Back
Chronic kidney disease (CKD) has a prevalence of 10% among Brazilians. The presence of two risk alleles called G1 and G2 of the Apolipoprotein L1 gene (APOL1), which are more frequent in individuals of African descent, has been associated with CKD, and rare in people of European descent. Here, we evaluated the clinical profile and genomic ancestry of Brazilian individuals affected by CKD and a control group of self-declared black individuals from Southern Brazil.
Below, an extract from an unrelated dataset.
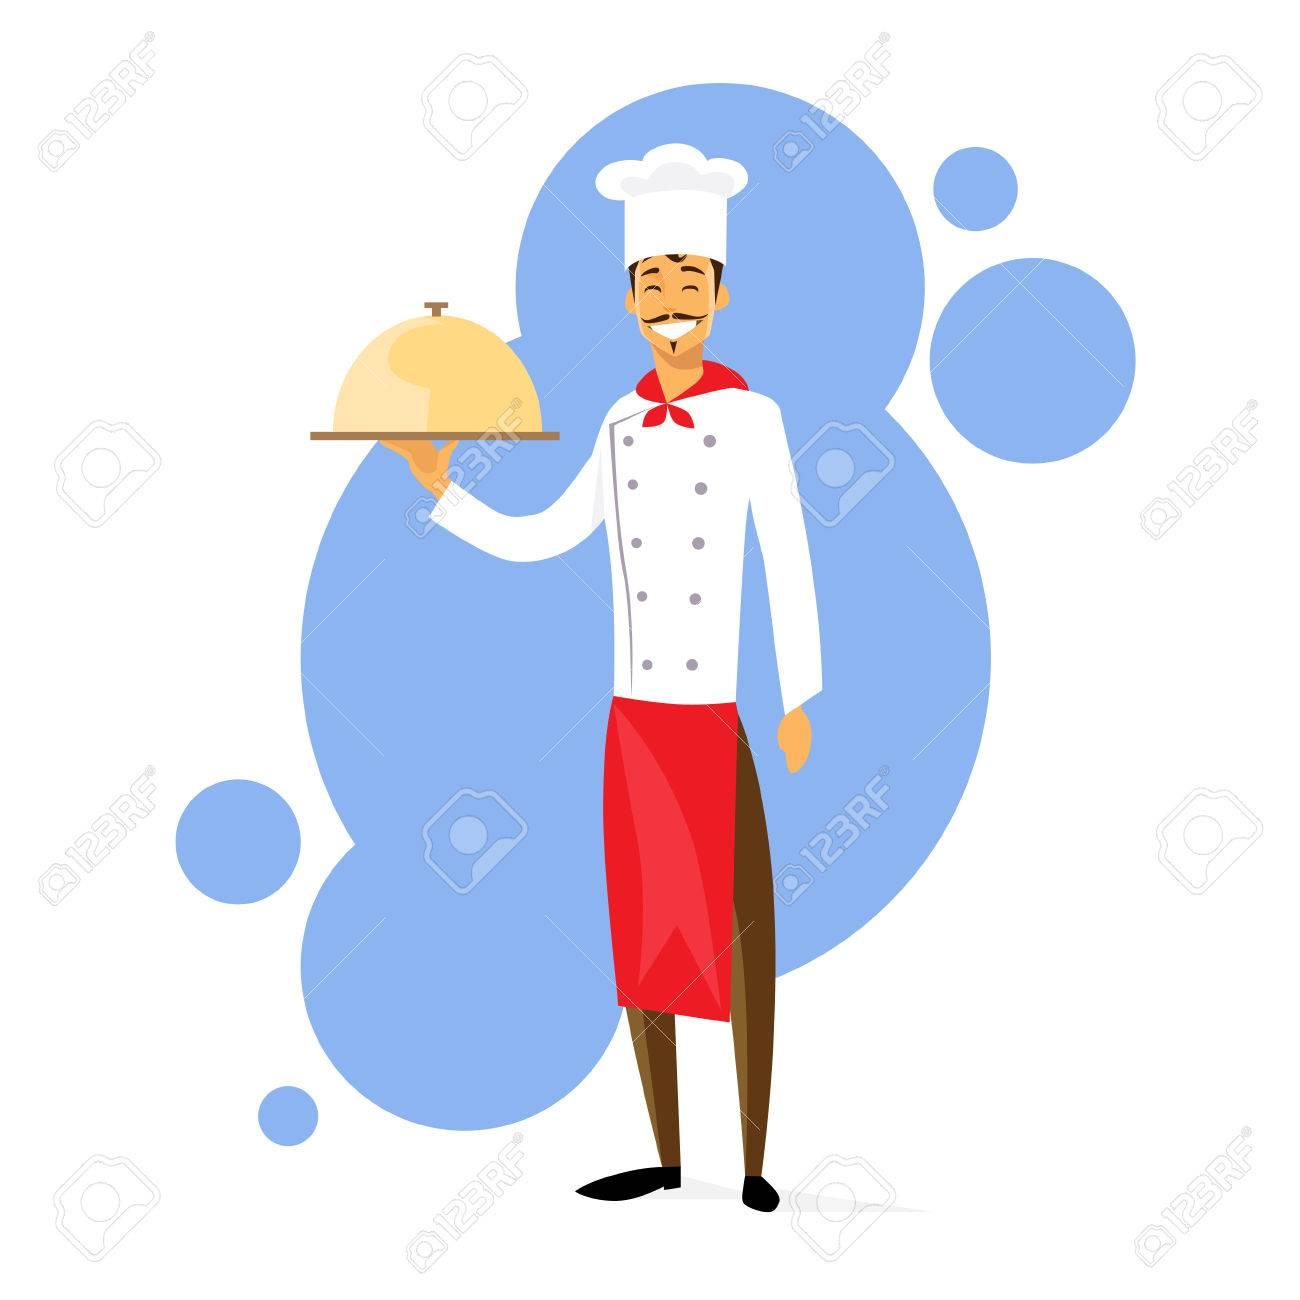 Historieta Del Cocinero Del Cocinero Con Dish Encuadre De Cuerpo ...

Clinical data were obtained from medical records and questionnaires applied to individuals. The whole genome sequence (WGS) were sequenced from blood samples. Genetic data were analyzed using bioinformatics tools with the GATK, VCFTOOLS and PLINK packages. Global ancestry was estimated with the ADMIXTURE program. Descriptive analysis of clinical data was performed using the SPSS program, observing absolute frequencies, measures of central tendency and dispersion. The sample groups, cases and controls, were compared in terms of the G1 and G2 alleles, and clinical characteristics. Multivariate binary logistic regression analysis was employed to investigate the frequency of risk alleles in the APOL1 and the role of low-risk G0/G0, moderate-risk G1/G0 (rs73885319 and rs60910145) and G0/G2 (rs143830837) and high-risk G1/G2 (rs73885319, rs60910145 and rs143830837) genotypes in the risk of developing CKD. The study was approved by the Research Ethics Committee of the Hospital de Clínicas de Porto Alegre (CAAE: 36976820.5.0000.5327).
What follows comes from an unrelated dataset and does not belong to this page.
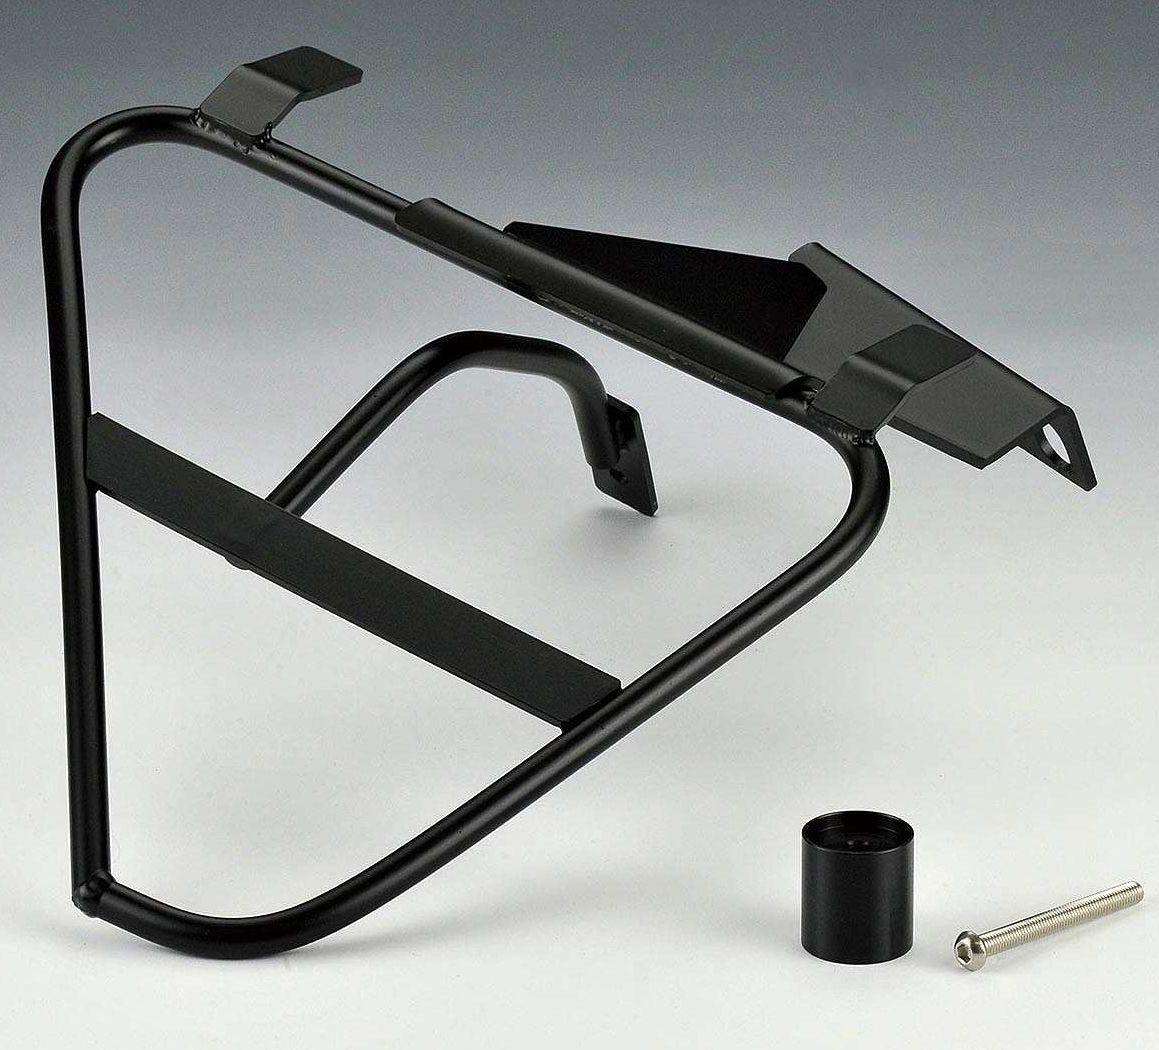 Exclusive Saddle Bag Support Bracket for BMW RnineT

A total of 345 individuals were analyzed, 175 cases and 170 controls. Carries of risk alleles (G1/G1, G1/G2, G2/G2) accounted for 7.9%, and 92.1% were without risk genotypes (G0). The allele frequency was estimated at 11% for G1 (rs73885319, A:0.88/G:0.12 and rs60910145, T:0.89/G:0.11) and 5% for G2 (rs14383830837, AATAATT: 0.95/INDEL:0.05). Multivariate analysis considering sex and age estimated an odds ratio (OR) of 4.717 (95% CI 1.53 - 14.53, p= 0.007) for the development of CKD in carriers of APOL1 risk alleles. In the analysis of the global ancestry of the individuals in the study, on average, African ancestry stands out (49%), European (40%) and Native American (11%).
We identified the presence of risk alleles and an increased risk of developing CKD in carriers of G1 and G2 alleles. These findings are consistent with existing literature and underscore the need for health care and management in the Afro-Brazilian population.